*Requirement*
Starting with the line that holds "Expert furniture movers" and stopping after the line that holds "Get Denim Washed", repeat the lines below word for word, without the pictures.

== Data in this exercise

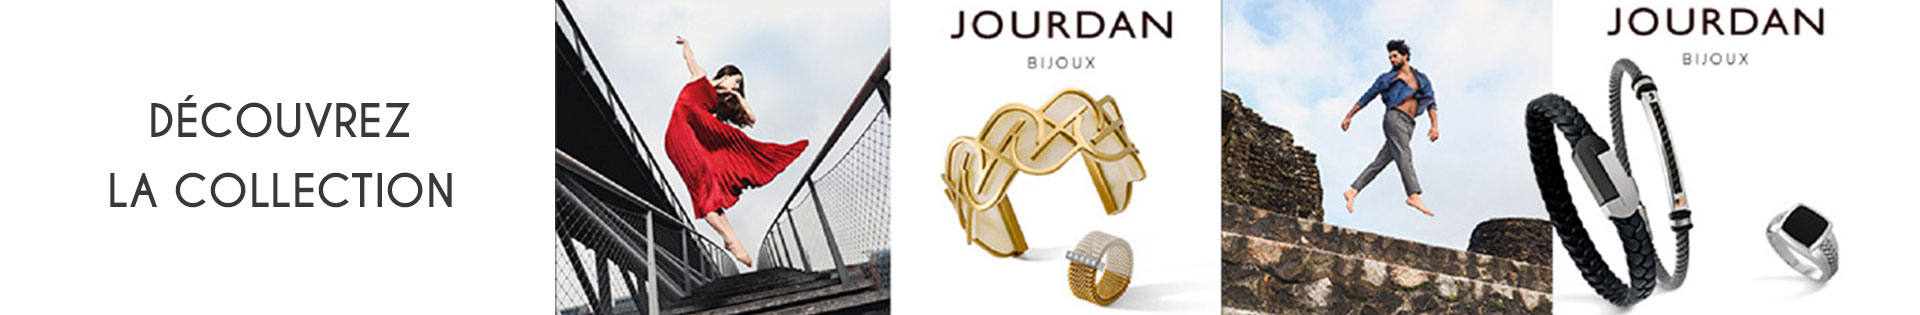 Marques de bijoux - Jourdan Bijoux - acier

====
== Data in this exercise

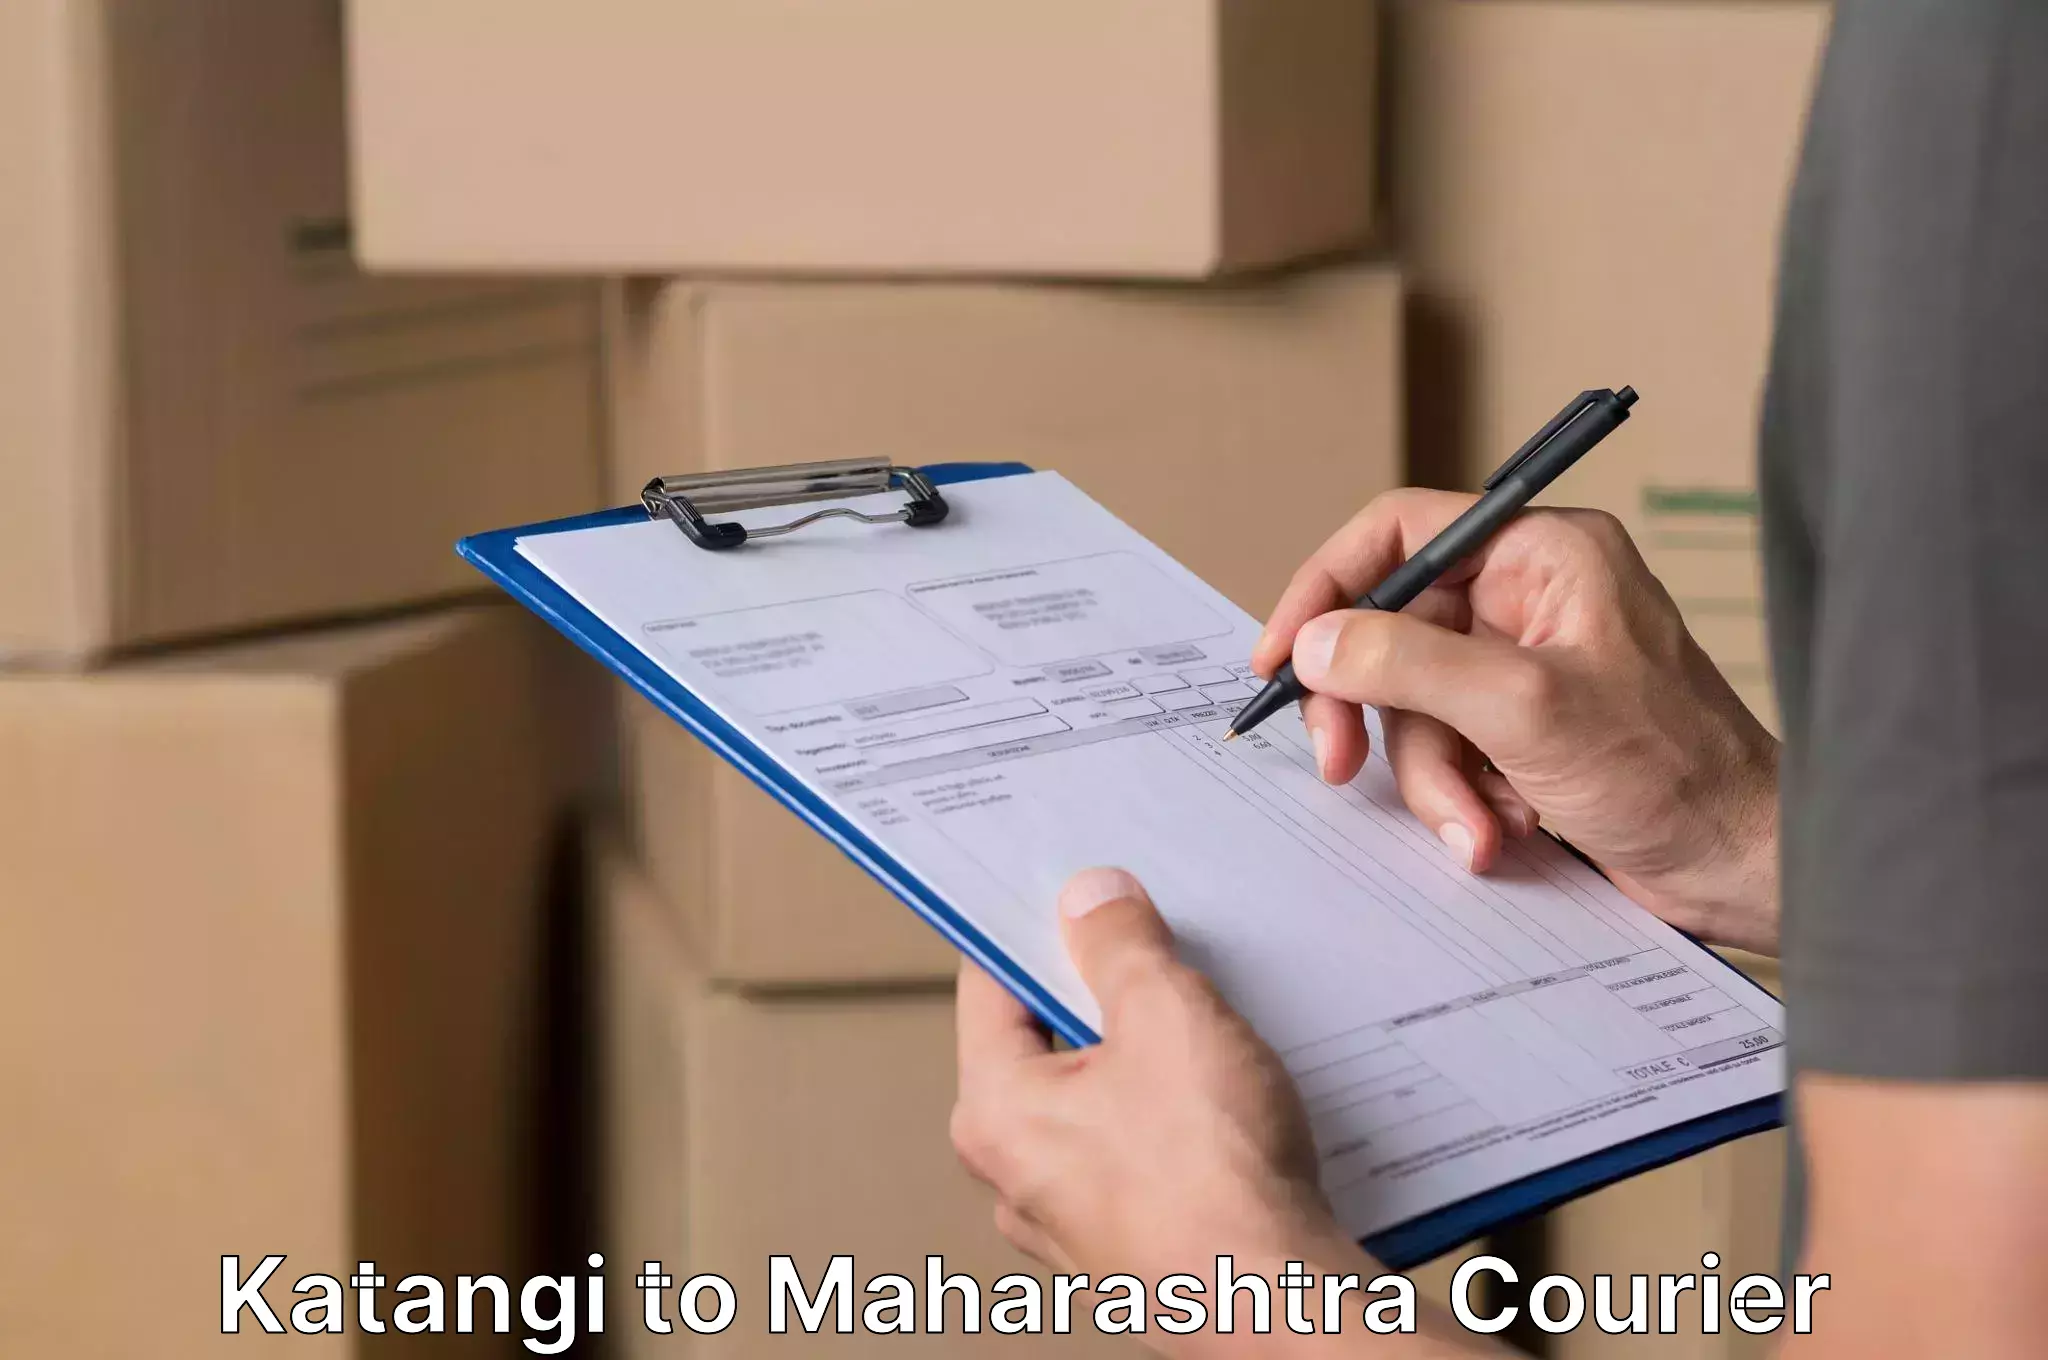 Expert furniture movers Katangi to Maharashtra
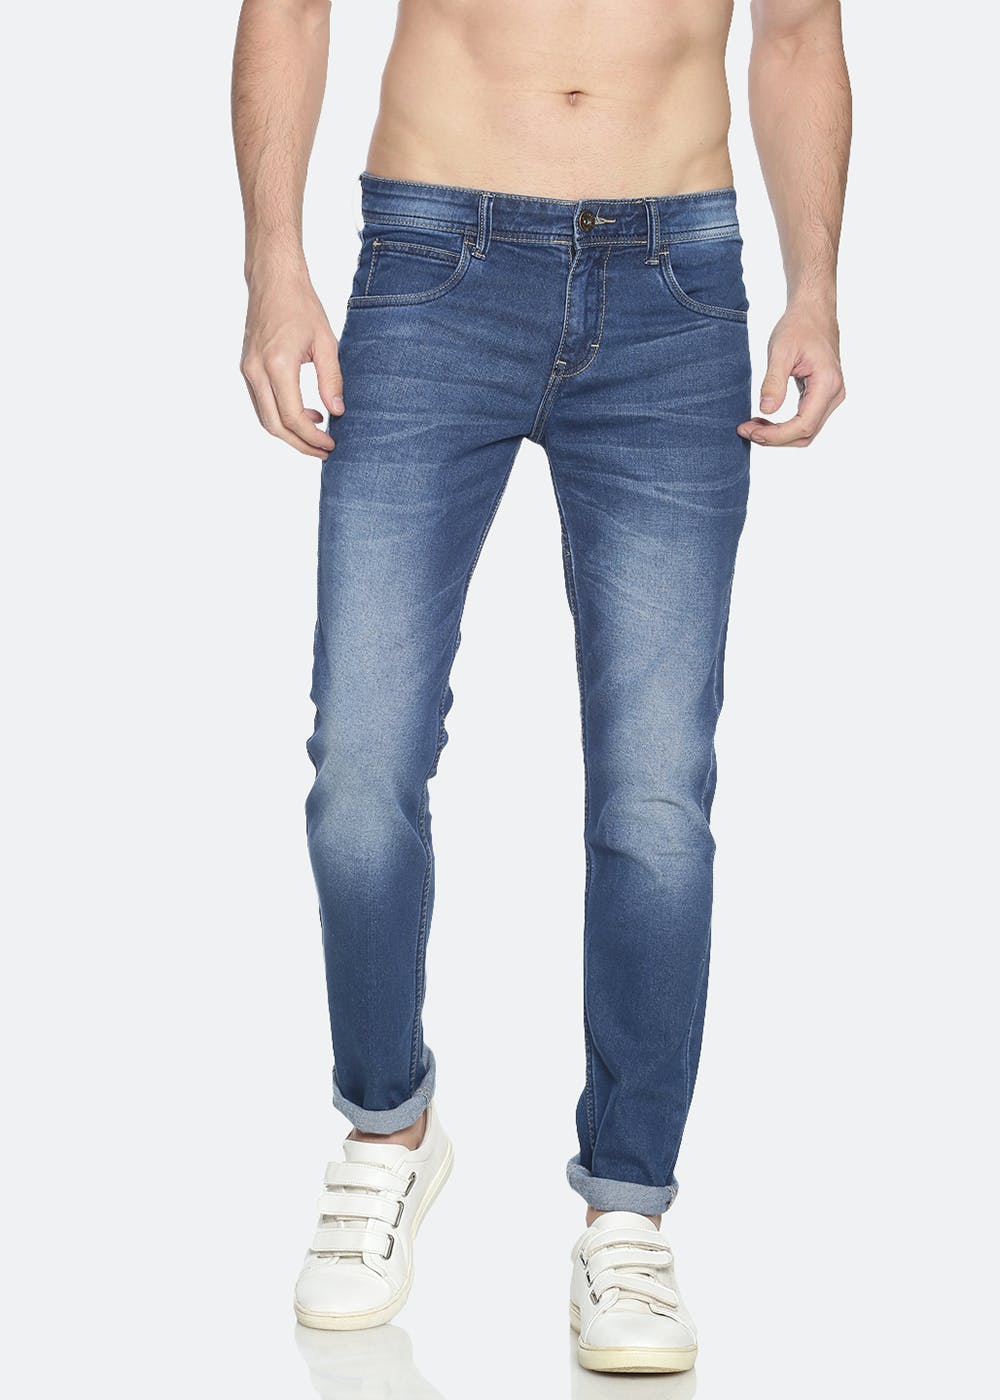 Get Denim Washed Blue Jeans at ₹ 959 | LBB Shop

====

*Response area*
 Expert furniture movers Katangi to Maharashtra
 Get Denim Washed Blue Jeans at ₹ 959 | LBB Shop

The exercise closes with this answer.